Abstract 5502: Ultrasound-Controlled Therapeutic Gas Delivery Provides Enhanced Neuroprotection Following Hypoxic-Ischemia
Background: Neurologic damage following ischemic insult is a major problem for stroke survivors. Xenon (Xe) exerts favorable neuroprotective properties with few side effects. This study describes a unique application of ultrasound for controlled release of Xe from liposomes (Xe-ELIP) for targeted therapeutic gas delivery and neuroprotection.
Method: Xe-ELIP were created by a pressurization-freezing method. One-MHz continuous ultrasound wave with pressure amplitudes of 0.16, 0.22 and 0.33 MPa was used to trigger Xe release from Xe-ELIP, and endothelial cell permeability and cell viability were measured. Male Sprague-Dawley rats underwent right middle cerebral artery occlusion for 2 hours (n=28). In the treatment group (n=8), Xe-ELIP were administered through the right common carotid artery. Continuous ultrasound (0.22 MPa) was applied over the common carotid artery during the Xe-ELIP administration for 4 minutes. Infarct size as well as behavioral outcomes were determined 3 days after treatments.

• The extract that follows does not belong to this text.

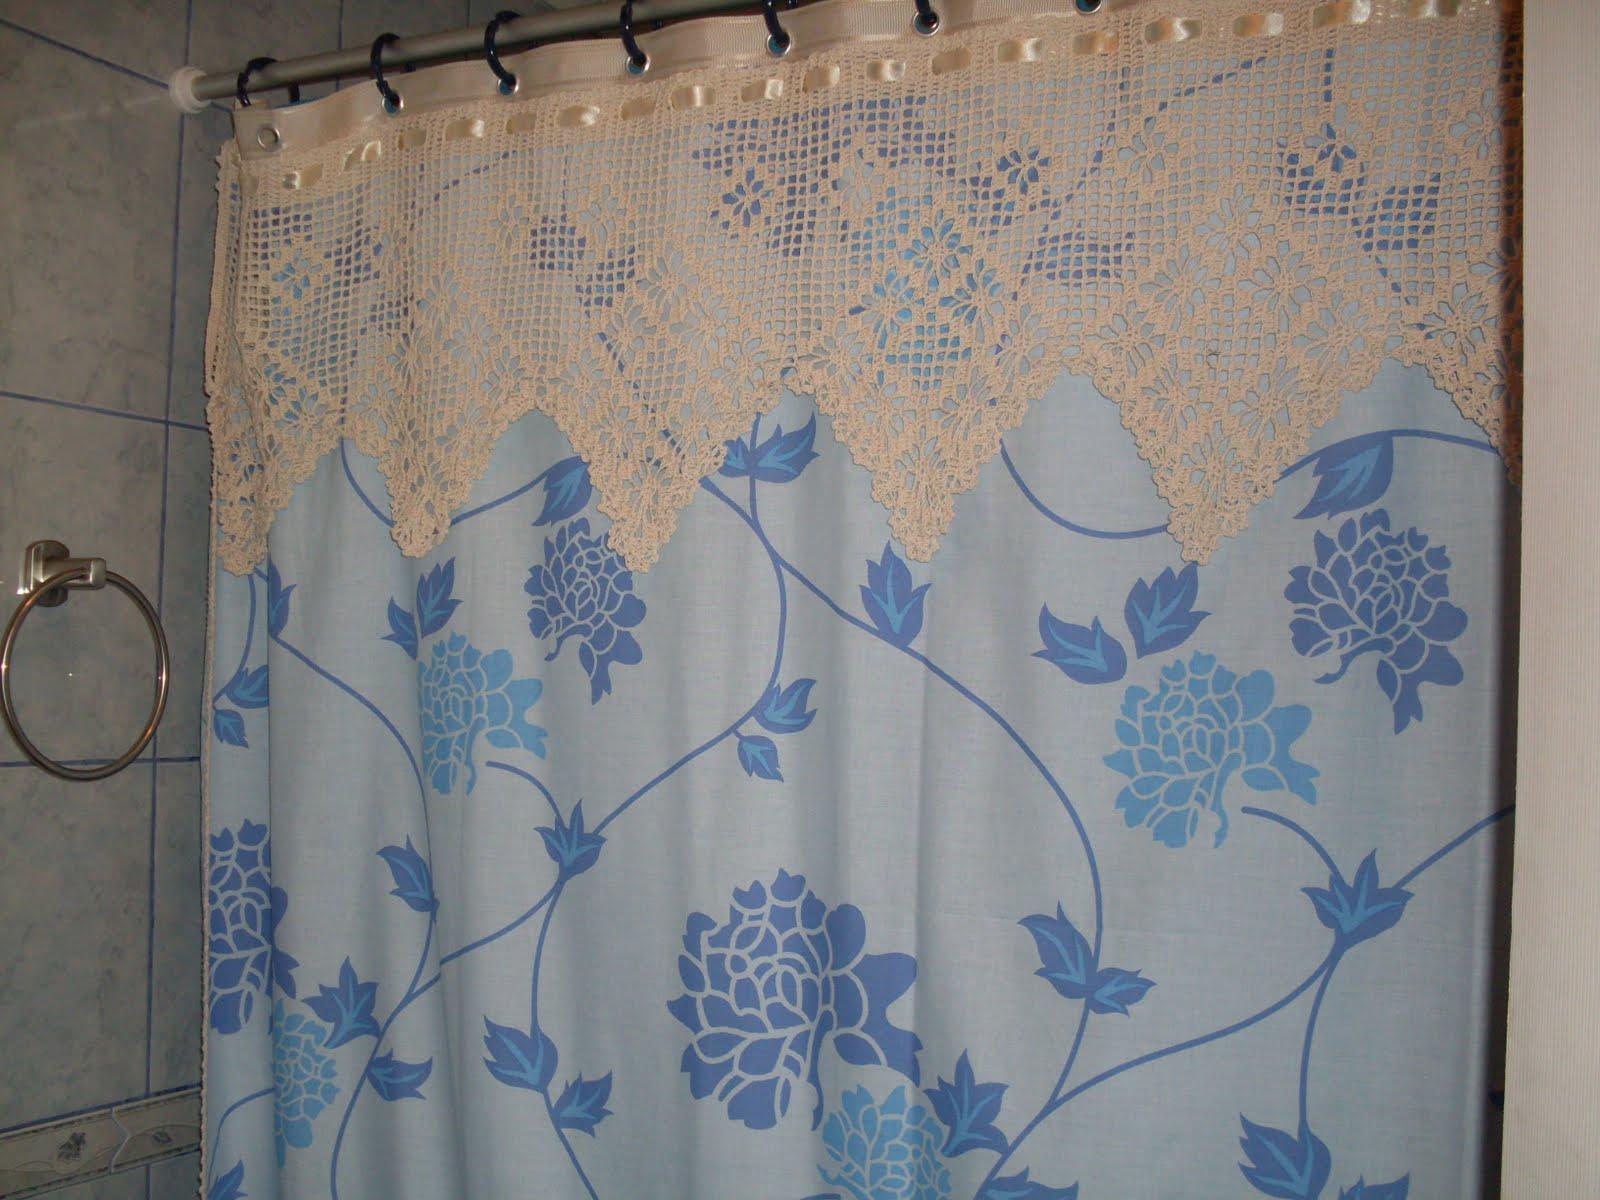 Cortinas de ba o carrefour - Barras cortina bano ...

Results: Ultrasound application in the presence of ELIP resulted in a temporary (5 minutes) enhancement of cell permeability. The amount of released Xe depended on the ultrasound pressure amplitude. Xe-ELIP in combination with ultrasound exposure (0.22 MPa) enhanced neuroprotection by decreasing infarct volume by 88% vs the non-ultrasound Xe-ELIP group (64%). Behavioral tests mirrored neurological results.
Conclusions: One MHz continuous ultrasound can be used to release therapeutic gas from encapsulated liposomes. Administration of Xe-ELIP with ultrasound exposure over the carotid artery after a cerebral ischemic insult provides enhanced neuroprotection.
This research has received full or partial funding support from the American Heart Association, Midwest Affiliate (Illinois, Indiana, Iowa, Kansas, Michigan, Minnesota, Missouri, Nebraska, North Dakota, South Dakota & Wisconsin).